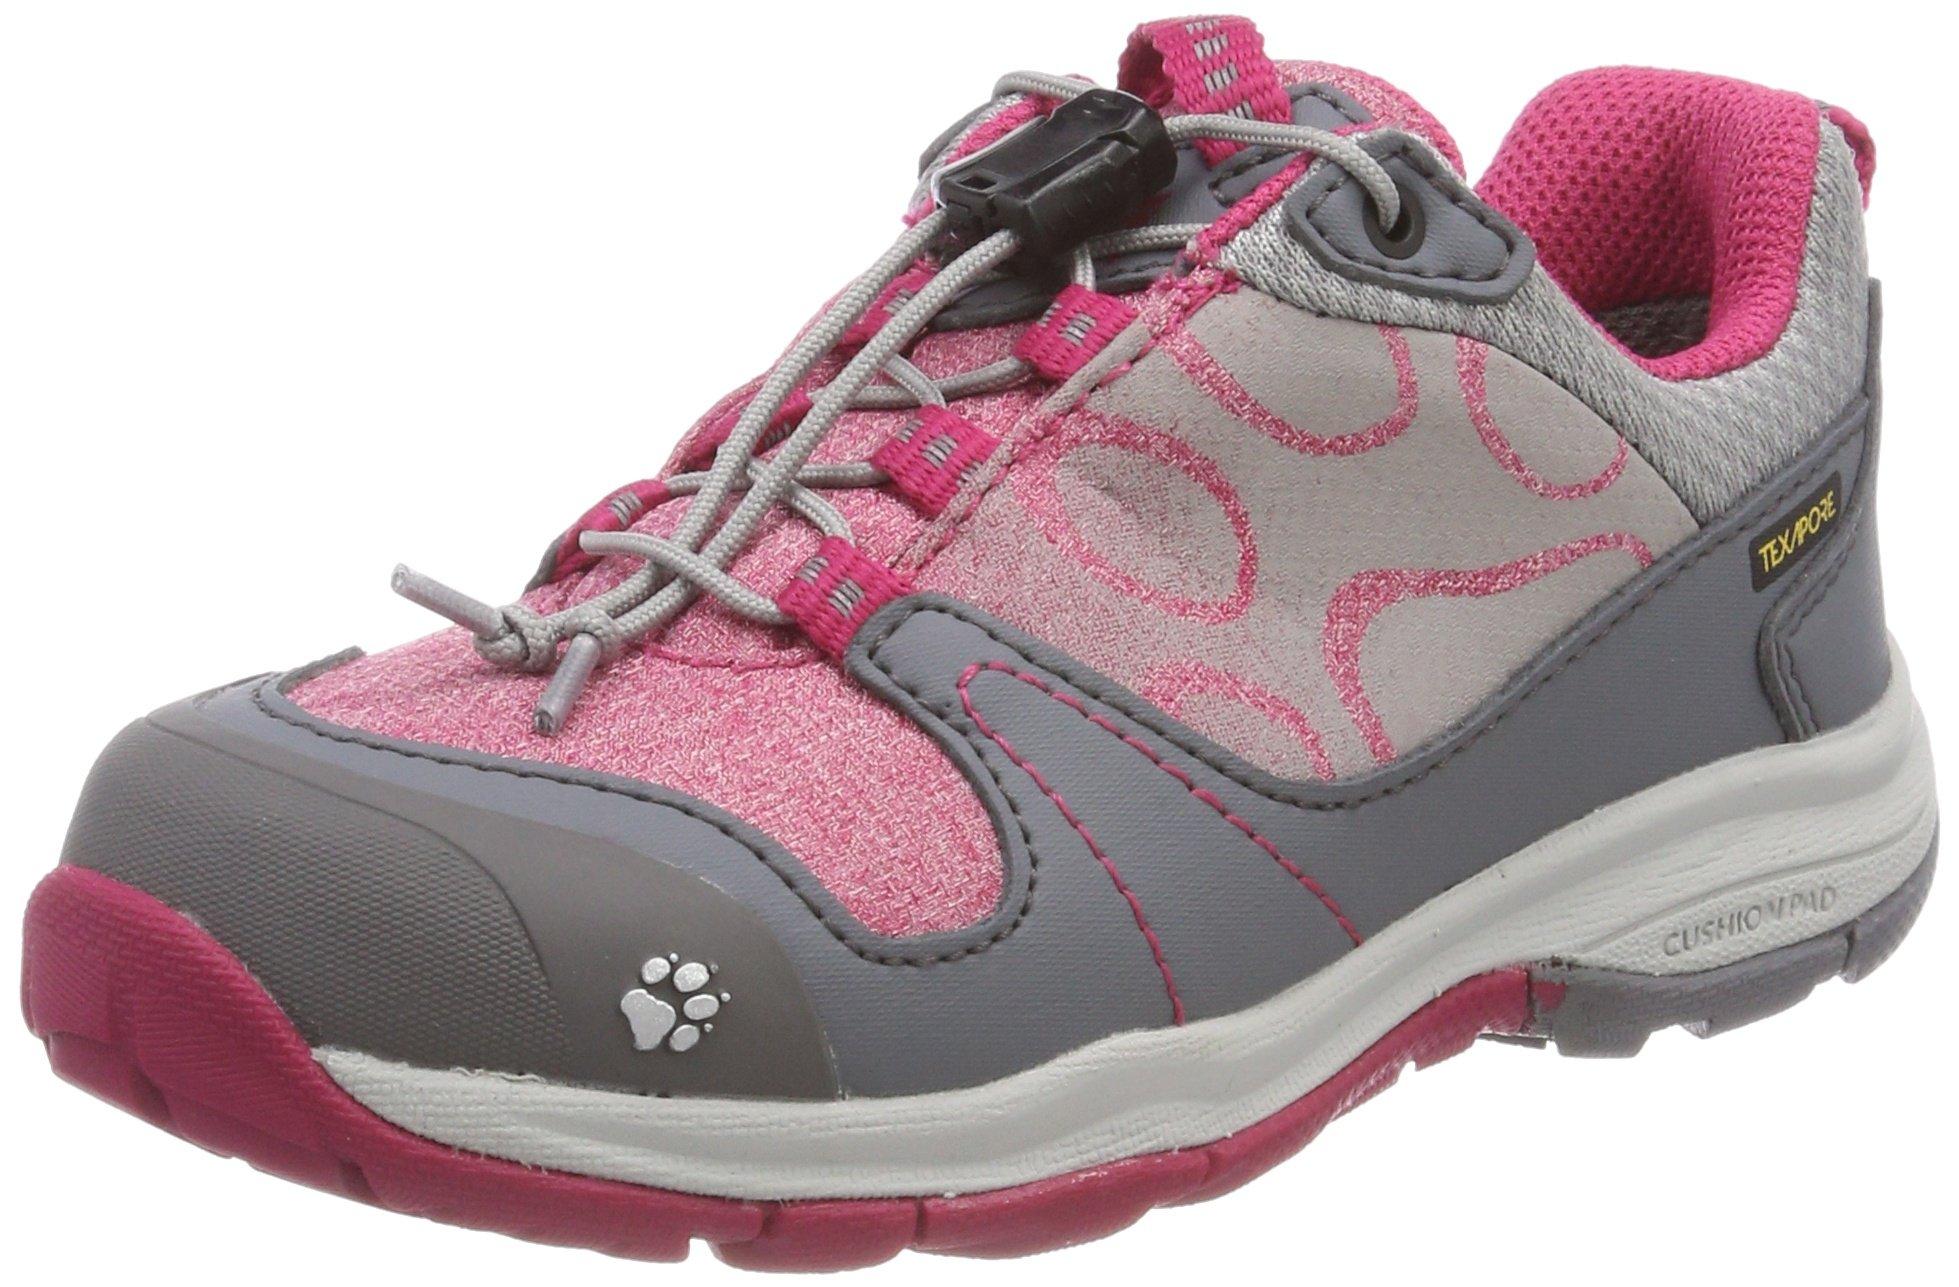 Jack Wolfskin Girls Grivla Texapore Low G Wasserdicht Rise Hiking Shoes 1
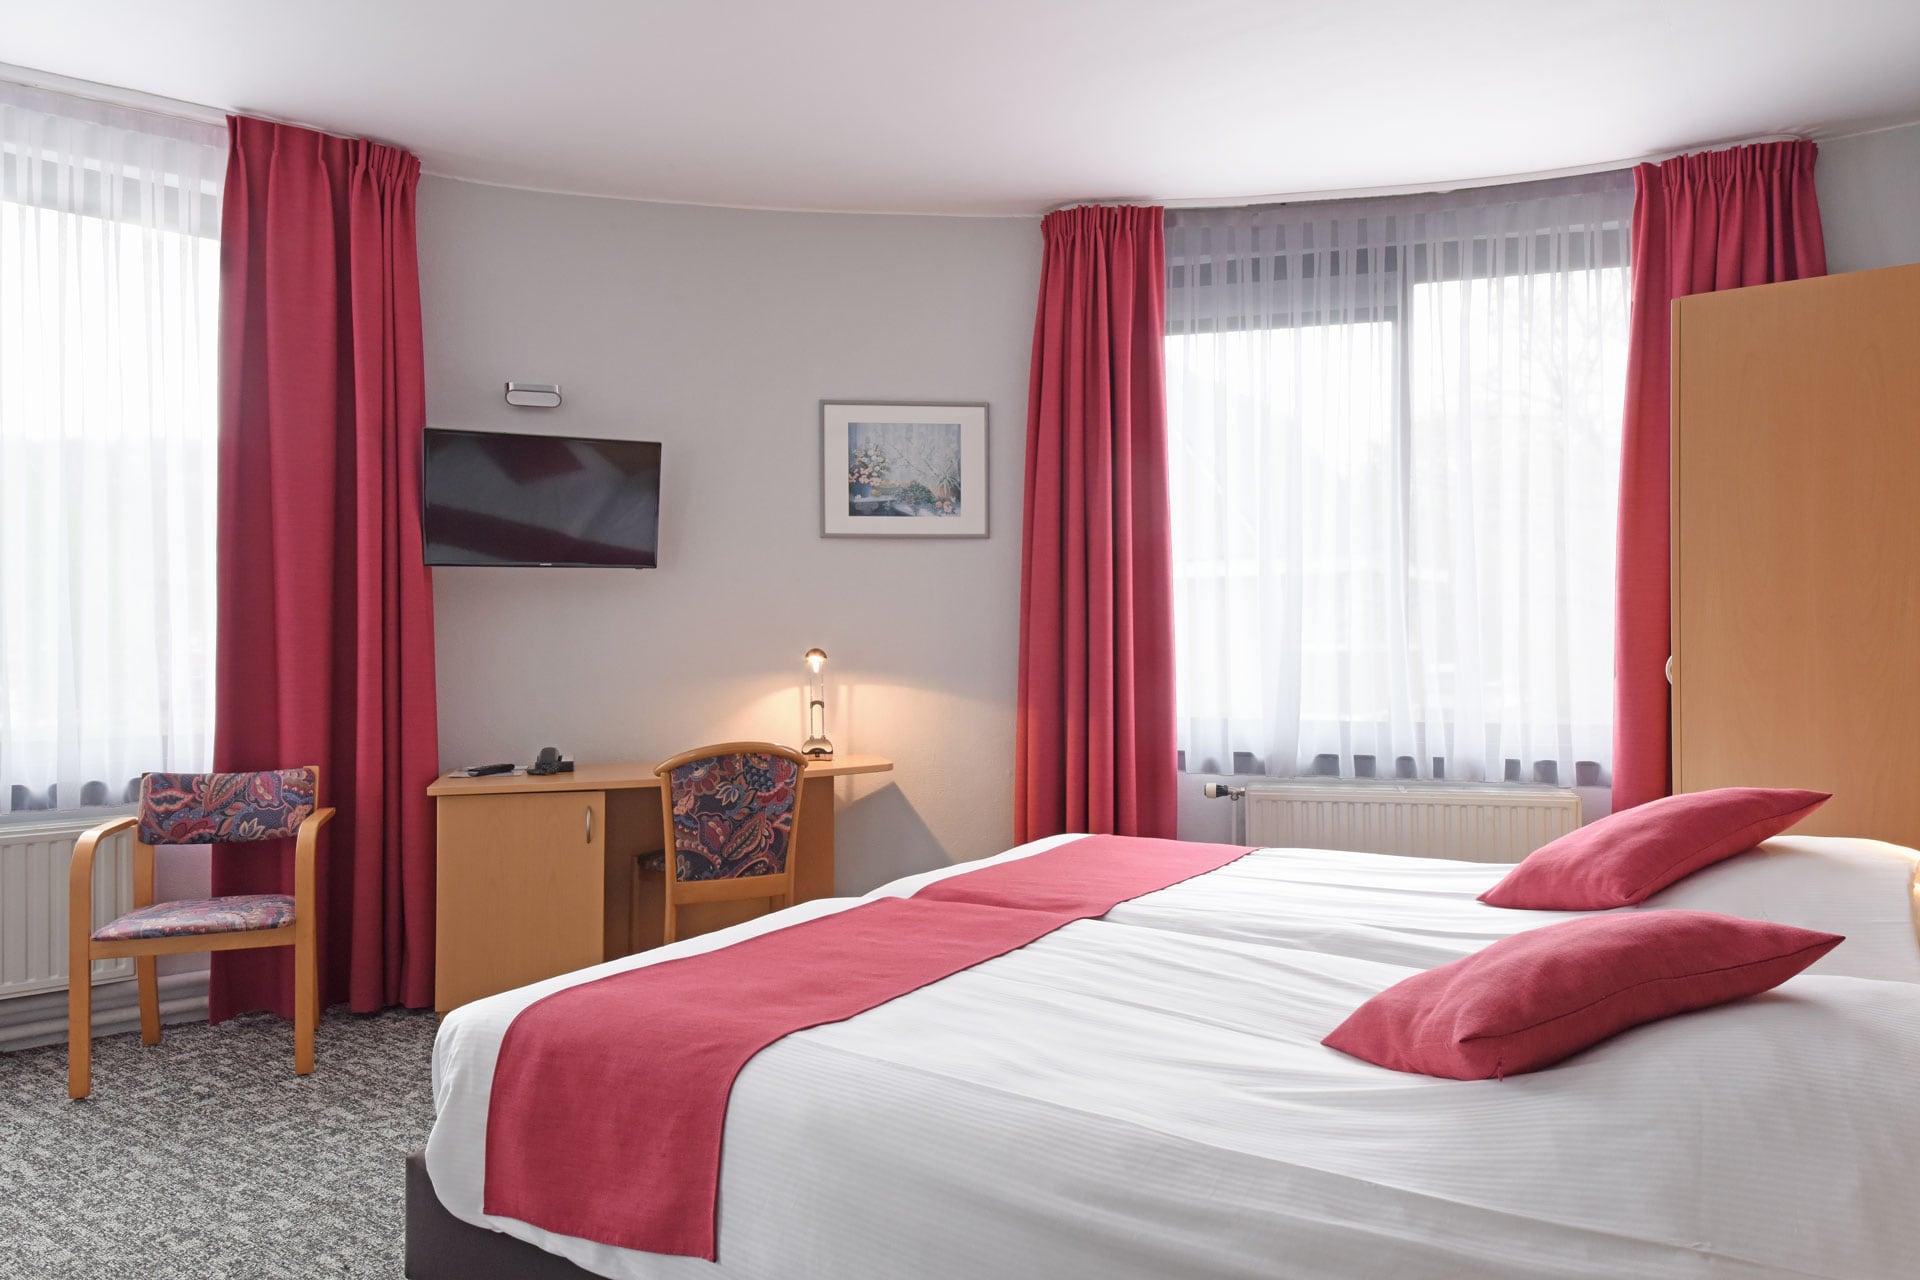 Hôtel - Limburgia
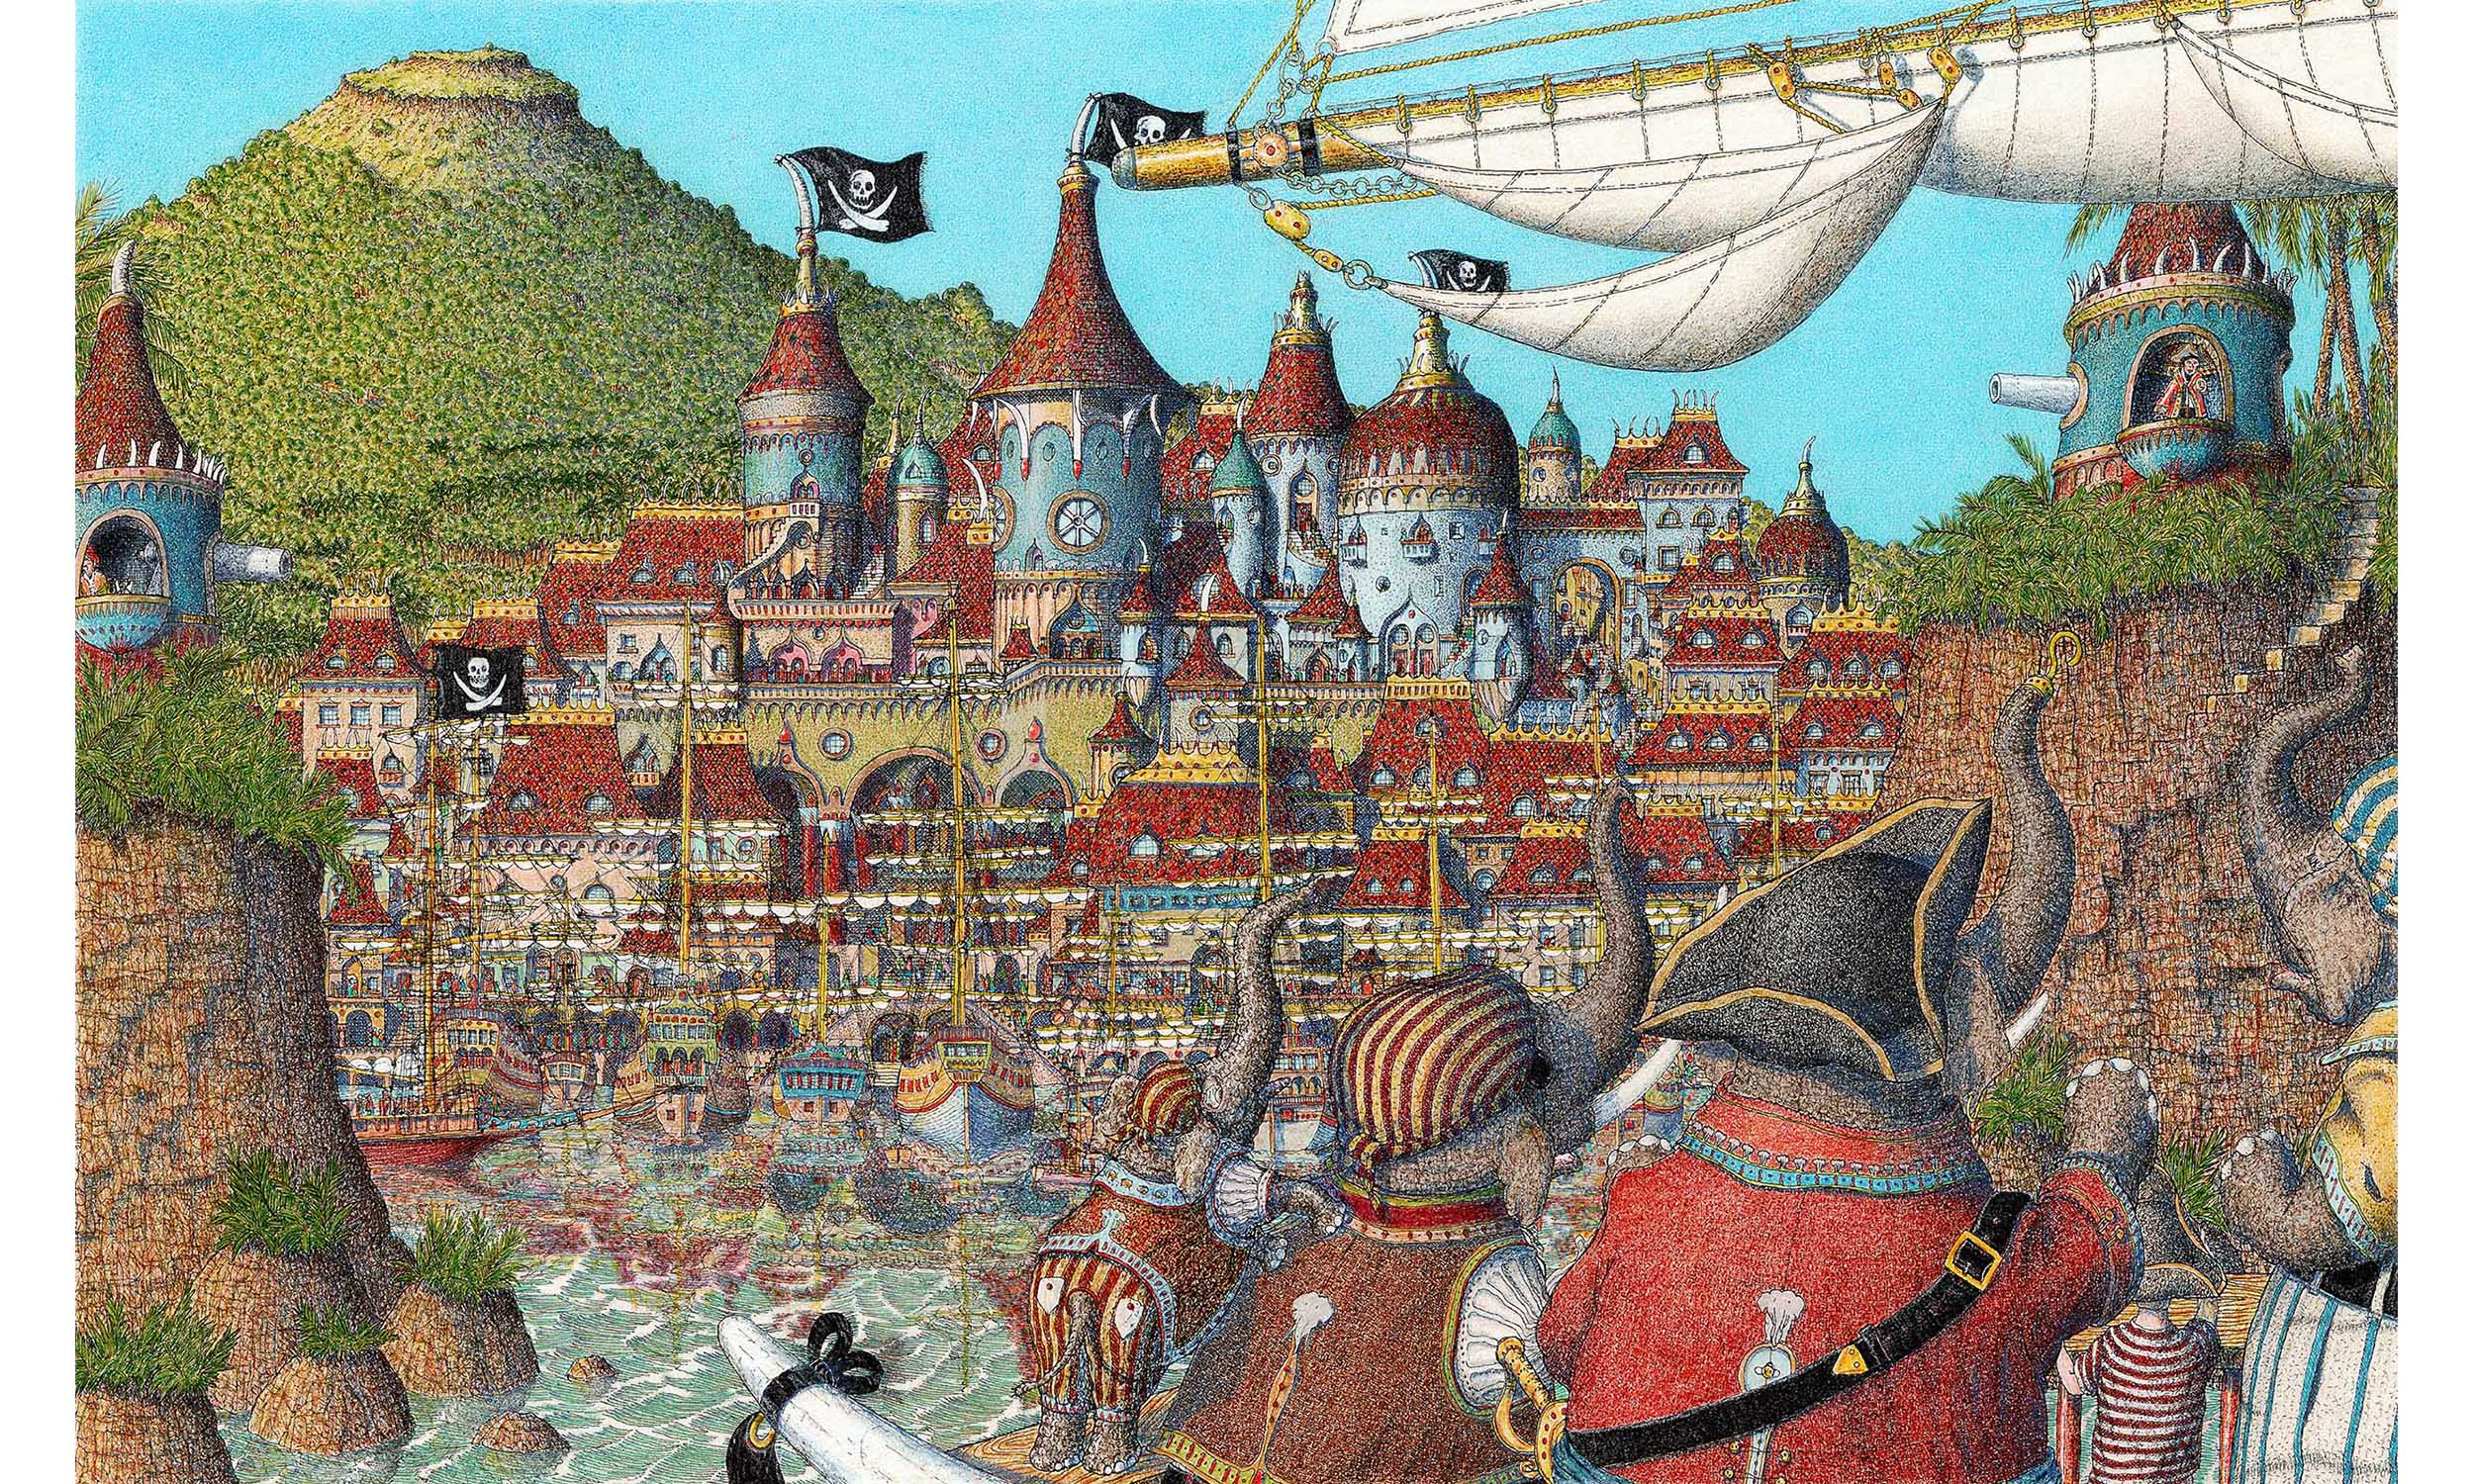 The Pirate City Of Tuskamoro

· · ·

* ABOUT THIS TASK: Return the material exactly as it reads, though without the pictures it holds.

* OUTPUT OF THE EXERCISE:
 Jack Wolfskin Girls Grivla Texapore Low G Wasserdicht Rise Hiking Shoes 1
 Hôtel - Limburgia
 The Pirate City Of Tuskamoro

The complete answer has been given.